Австрійскіе ОКОПЫ ПОДЪ Томашевымъ. Снимокъ нашего корреспондента г. Ш-ра.
Письмо второе—отъ офицера къ женѣ.
Дорогая! Когда-то давно въ дѣтствѣ... Неужели было дѣтство, было веселье, была радость безъ крови, безъ страданій?.. Да, да, было! А будетъ-ли?.. Да, это было въ дѣтствѣ: мы съ мамой и сестрой Олей жили у бабушки. Кстати, о сестрѣ Олѣ; говорятъ, она пошла въ сестры милосердія. Неужели это возможно—она, такая нѣжная, кроткая, и кровь, и страданіе? Непонятно... Вся жизнь стала непонятная. Да, да, но я все перебиваю себя. Тороплюсь, хочу, чтобы ты все узнала, чтобы все тебѣ сказать... И вотъ, жили мы у бабушки; у нея, знаешь, хуторокъ маленькій, садикъ свой и пчелки. Былъ у нея и дѣдъ пчельни ъ. Видалъя разъ, какъ онъ пчелокъ обиралъ: медъ забралъ. Пчелы разлетѣлись, жужжатъ, волнуются. Жалко мнѣ стало пчелокъ. Потомъ вижу: опять они къ своему разрушенному гнѣзду спѣшатъ. Несутъ соринки, выносятъ мертвыя тѣла, что-то выбрасываютъ... рядомъ тутъ-же стоялъ улей, чистенькій, свободный, и я никакъ не могъ понять, почему пчелки снова кинулись въ свое разрушенное гнѣздо вмѣсто того, чтобы занять новое. Я спросилъ объ этомъ дѣда.—«Да, вѣдь, старый то улей пчелкѣ всего дороже, потому онъ ей замѣстъ дома, понимаешь ты это?» Я ничего не понялъ. Раньше тамъ былъ домъ, думалъ я, теперь—тутъ будетъ. Но теперь я все это понялъ, и не умомъ, а душой, также, какъ понималъ это дѣдъ пчельникъ, какъ понимали пчелки. И понялъ я это тогда, когда встрѣтилъ вчера цѣлыя полчища возвращающихся жителей разрушенныхъ домовъ. Еслибы ты видѣла, какая нищета! Эти люди бѣжали изъ своихъ домовъ лѣтомъ, когда мысль о томъ, чтобы захватить лишнюю тряпку, предохраняющую отъ холода, не могла придти имъ въ голову. Да и что можно было унести, когда весь вопросъ былъ въ томъ, чтобы спрятать себя, свою мать, свое дитя! И теперь, послѣ двухъ мѣсяцевъ мытарствъ, они возвращаются домой. А дома—нищета, разгромъ. А они бѣгутъ домой, и на ихъ лицахъ торжество побѣдителей!

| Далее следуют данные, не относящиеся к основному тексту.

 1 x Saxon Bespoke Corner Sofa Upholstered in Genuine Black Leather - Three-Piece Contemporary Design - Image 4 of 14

Вотъ онъ—ужасъ войны! Вотъ онѣ—жертвы безкровныя,—думалъ я, всматриваясь въ эти лица людей, ставшихъ мнѣ родными и близкими. И снова моя мысль стала биться, какъ пойманная птица, надъ вопросомъ —въ чемъ смыслъ войны? Ея высшая задача? Война каждому народу въ отдѣльности и всѣмъ вмѣстѣ стоитъ такъ дорого, что, конечно, считать войну пріемомъ экономическаго обогащенія, исключительно экономическаго, не приходится.

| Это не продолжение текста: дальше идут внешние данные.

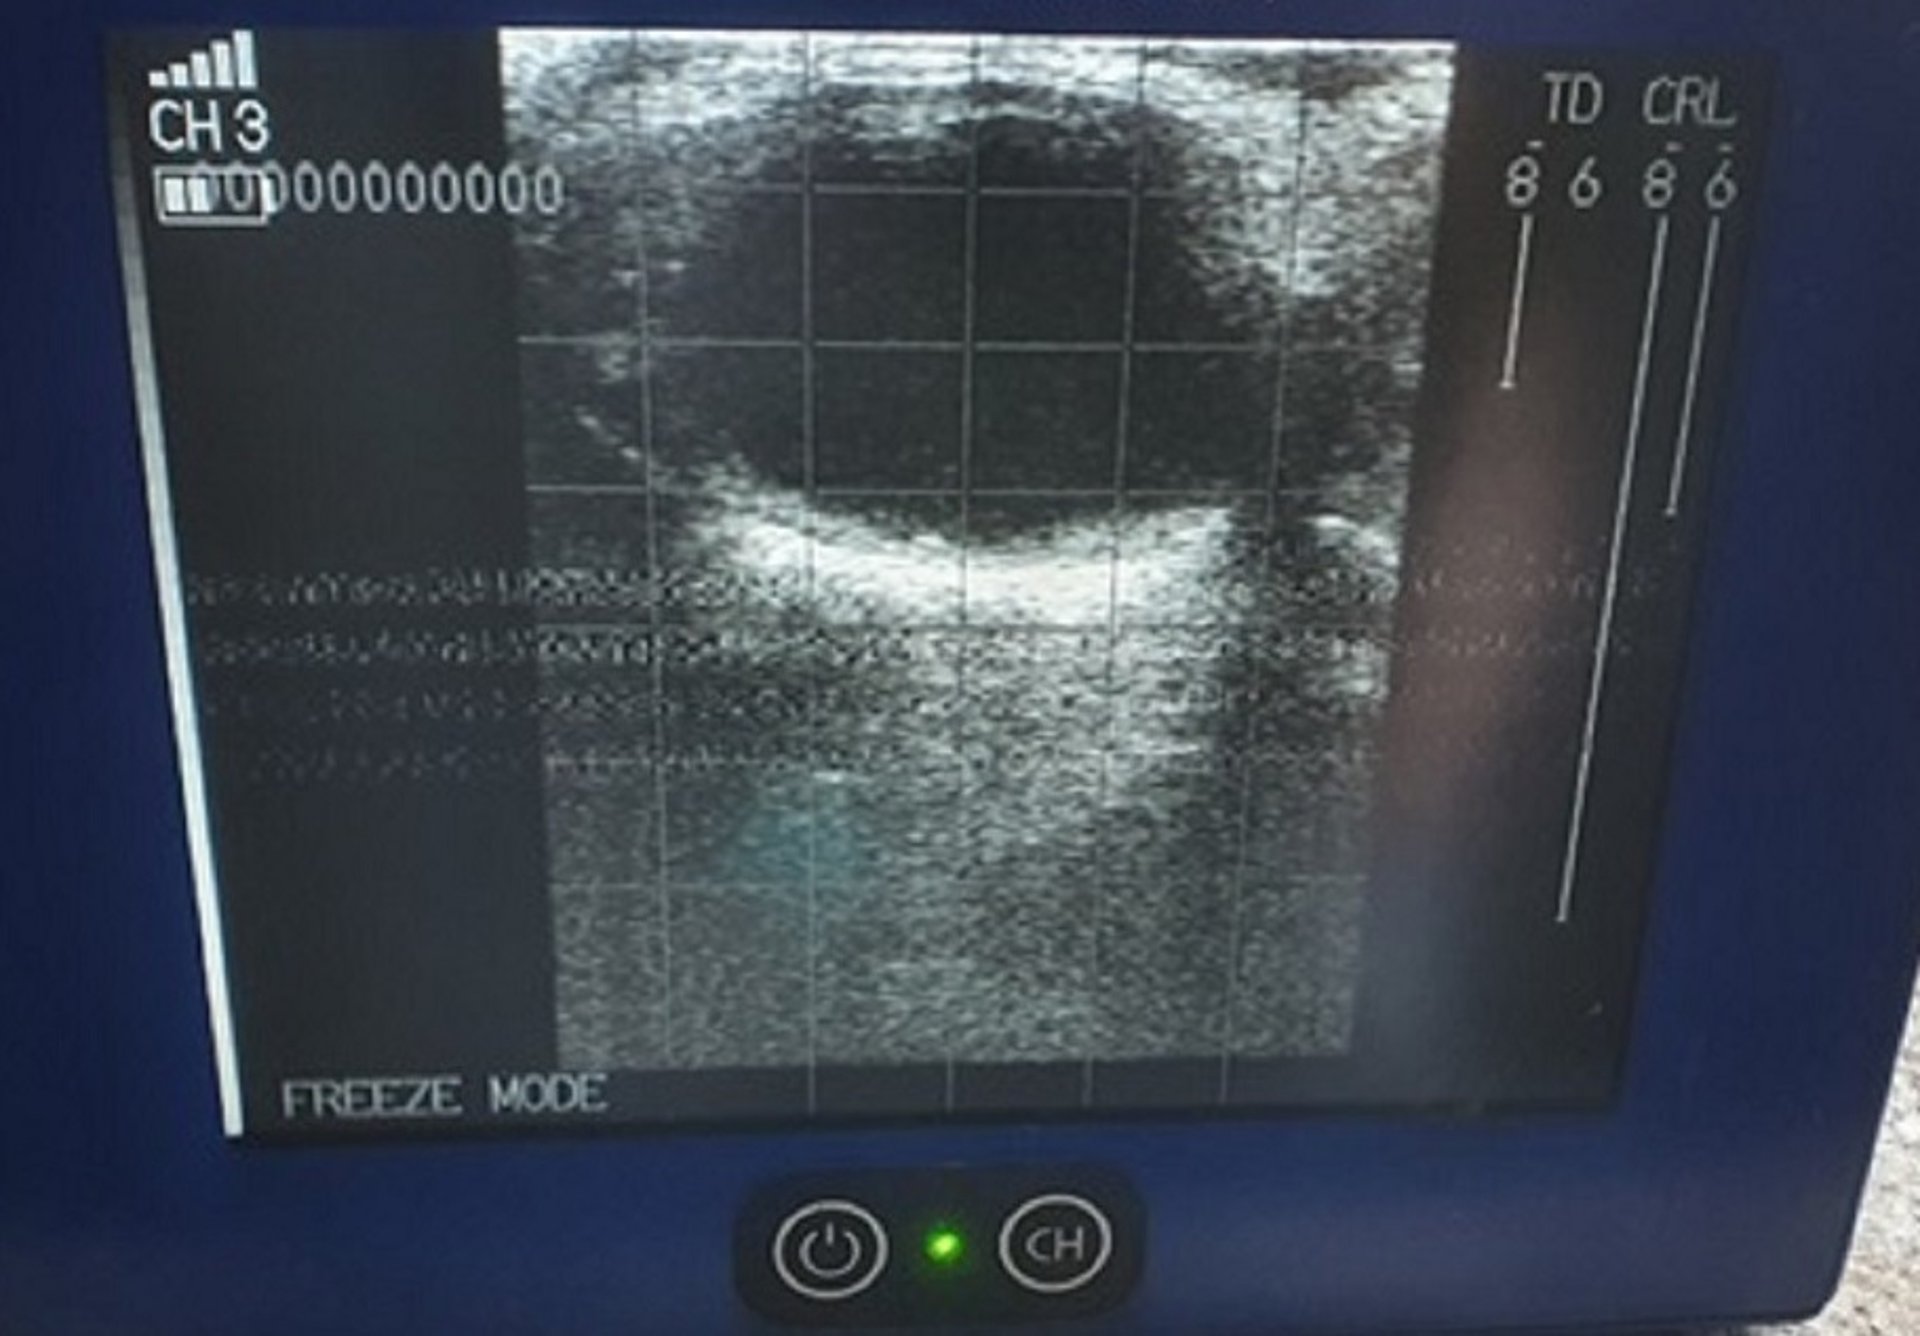 Follicular cyst > 40 mm, ultrasonographic image, cow

Основная, элементарная задача войны—побѣдить, побѣдить во что бы то ни стало, чтобы обезпечить цѣлость государства и его безопасность. Но чѣмъ можно побѣдить? Нужны усовершенствованные, технически приспособленные предметы вооруженія; это много, но это еще не все. Это теперь знаетъ и чувствуетъ, не только болѣе или менѣе культурный офицеръ, но каждый солдатикъ, который понимаетъ, что если бы оружіемъ можно было побѣдить, то нѣмцы побѣдили-бы. Но они не побѣдятъ; это теперь ясно и глубоко чувствуютъ всѣ, включая и нѣмецкаго солдата. Я говорю солдата, а не генерала, ссылаясь на внутреннее чутье человѣка,—единственно чему можно вѣрить въ такіе моменты. Культурный стр тегъ, видя своихъ бѣгущихъ съ поля брани солдатъ можетъ себя утѣшить тѣмъ, что, если планъ битвы будетъ измѣненъ, если центръ тя
жести перенести съ А на В., то что-то можетъ измѣниться. Но въ такую перемѣну можетъ вѣрить генералъ, который намѣчаетъ войну, но не солдатъ, который ее дѣлаетъ. Онъ пойдетъ, куда поведутъ его генералы, но онъ съ собой и на новое мѣсто понесетъ старую внутреннюю увѣренность въ томъ, что война проиграна. И эта твердая увѣренность въ проигрышѣ ясно, до ощутительности ясно, чувствуется въ каждомъ нѣмецкомъ солдатѣ. Я обращаю твое вниманіе на этотъ фактъ для того, чтобы разъяснить тебѣ мою мысль о томъ, что залогъ побѣды на войнѣ не въ этомъ, а въ чемъ-то другомъ. Главную двигательную силу войны составляетъ духъ войны. Великій мощный духъ самоотверженія, который рождаетъ боевую отвагу. А создаетъ этотъ духъ только полное самообладаніе, сила воли, укрѣпленная сознаніемъ своей внутренней какой-то правоты. Тутъ нужна особая сила воли; я сказалъ-бы, что она отъ Бога, въ ней есть что-то божественное, которое создаетъ въ войнѣ готовность полнаго самоотверженія. Я не берусь объяснить тебѣ, какъ и чѣмъ можно создать эти силу воли. Я даже думаю, что ее не создаютъ, она сама создается! И она крѣпка, о, какъ крѣпка въ русскомъ воинѣ .. Надо только умѣть сохранить этотъ живой огонь, не потушить его, не оттолкнуть отъ себя душу солдата мертвой буквой или строгой схемой. Я вспомнилъ при этомъ одинъ случай. Это было на фабрикѣ; я пріѣхалъ съ ревизіонной коммиссіей; инженеръ, къ которому я зашелъ, пытался объяснить рабочимъ, какъ надо сдѣлать самокатъ по его рисунку. Онъ, видимо, нервничалъ.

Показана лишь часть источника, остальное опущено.